Richard N. Langlois is a professor of economics at the University of Connecticut and the author of The Corporation and the Twentieth Century: The History of American Business Enterprise (Princeton University Press, 2023).

For those of us old enough to remember it, the recent flare-up of inflation calls to mind the Great Inflation of the late 1970s, which came at the foot of a recession. There are indeed similarities between that historic episode and what is happening today.

Economists distinguish between the real economy – how many apples it takes to buy a dozen oranges – and the money economy – how many dollars it takes to buy a dozen oranges. When the value of a dollar gets out of alignment with the value of apples and oranges, we feel it as a recession. In principle, central banks can fix the problem by controlling the supply of dollars.

But when a recession happened in the 1970s, it was far more a crisis of apples and oranges than a crisis of dollars. Western economies were radically reorienting themselves away from the increasingly ill-adapted institutional and organizational structures that had prevailed during the decades of depression and war. The sudden resurgence of foreign competitors began wreaking havoc on bedrock North American industries such as steel, automobiles and consumer electronics. After the Yom Kippur War in 1973, the OPEC cartel altered the relative price of oil dramatically.

The Bank of Canada and the U.S. Federal Reserve responded to the stagnating economy by injecting more dollars into the system. But far from stimulating the economy, these injections merely caused prices to rise. In both Canada and the U. S., the annual rate of inflation would top out at more than 12 per cent. A new piece of vocabulary became necessary: stagflation.

Eventually central banks realized that they were the cause of inflation and cut back dramatically on money creation. The result was a sharp but severe recession, during which interest rates shot through the roof.

We are still living through the effects of the pandemic. Although this episode differs in important ways from the stagflation of the 1970s, including in severity and duration, the economic turmoil of COVID-19 bears one crucial resemblance to the days of stagflation: The pandemic recession was and is a phenomenon of the real economy, not principally the monetary economy.

Seeing the pandemic spread, people retreated from their workplaces to their homes. They purchased fewer goods and services. Economic activity slowed. Harvard economist Greg Mankiw called the downturn an “intentional recession.”

Quite appropriately, governments legislated relief for what was really a natural disaster. Central banks backstopped financial markets. But the banks did more than that: As in the 1970s, they began increasing the money supply.

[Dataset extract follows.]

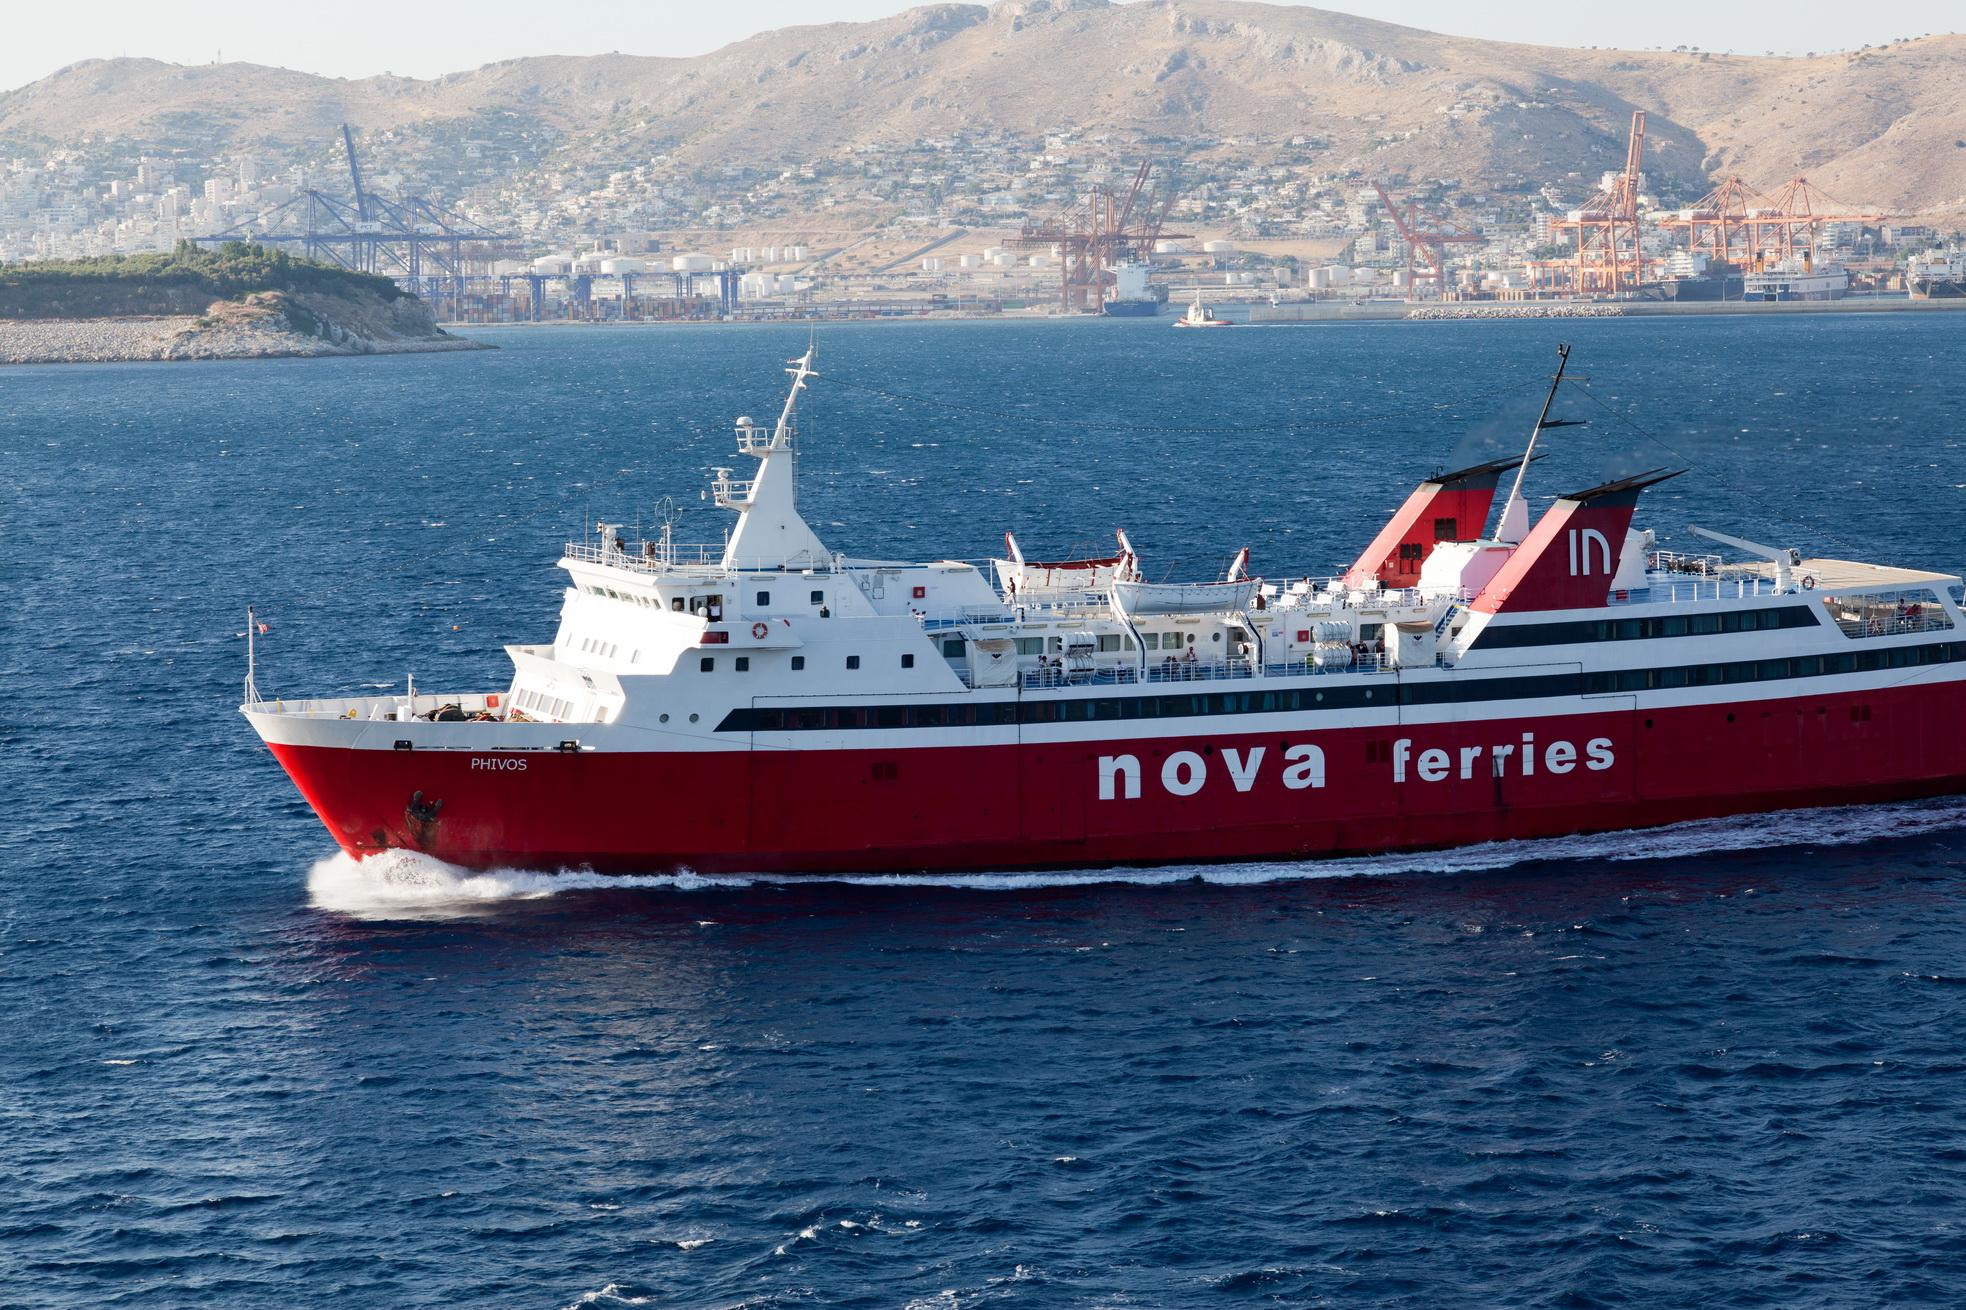 MS Phivos IMO 7825978 Nova Ferries leaving Piraeus Port of Athens Greece 04

By late spring of 2020, the Bank of Canada was increasing the money supply at an annual rate of 20 per cent. By 2021, that rate was 30 per cent. The U.S. Fed was doing much the same. As in the 1970s, the result was price inflation. The base Canadian consumer price index (CPI) jumped from an annual growth rate of essentially zero at the height of the pandemic to 8.1 per cent in June of 2022.

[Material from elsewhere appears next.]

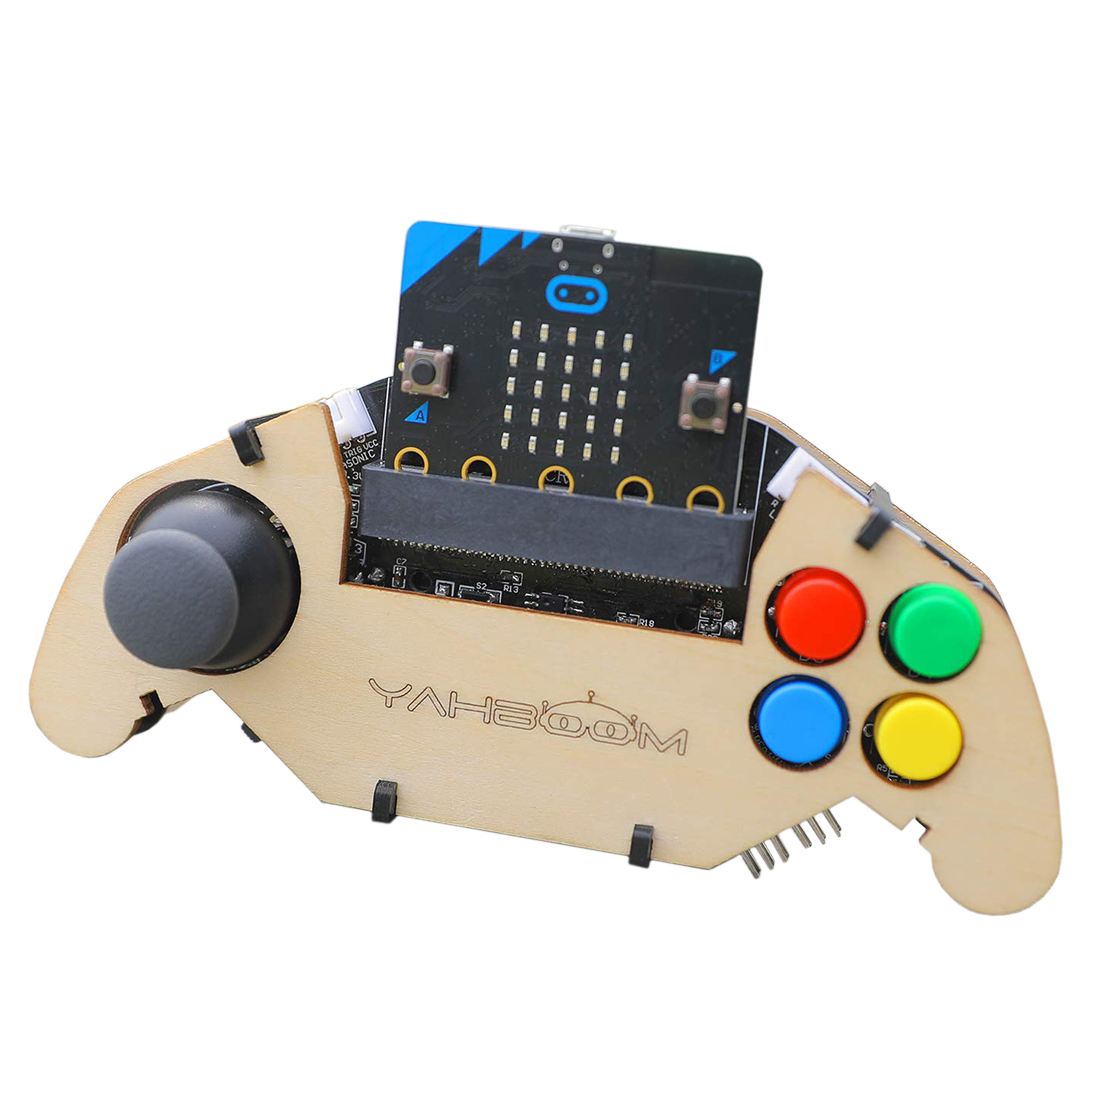 Hot MIcro:Bit Gamepad Expansion Board Handle Microbit Robot Car Joystick STEM Toys Programming Game Controller (Micro:Bit Board)

Remembering the lessons of the past, central banks have since reduced the growth of the money supply, and inflation is easing. In late summer 2022, the Bank of Canada stopped money growth and, at the end of the year, began decreasing the money supply – at an annual rate of 3.6 per cent in December. By January, CPI growth was down to an annual rate of 5.9 per cent.

Are we living through a second era of stagflation? In a dynamic economy, real relative prices are always churning. But the pandemic was a daunting external shock, and we continue to face major realignments. With the benefit of pandemic-induced improvements in technology, people have learned that frequent office commutes can be unnecessary. Supply chains are only beginning to come back online. The war in Ukraine and fears about trade with China are also wrenching the relative prices of major commodities.

But the other lesson of the stagflation era is that, with a steady hand on the monetary tiller, we can emerge from today’s economic turmoil with the same kind of healthy real growth we saw in the late 20th century.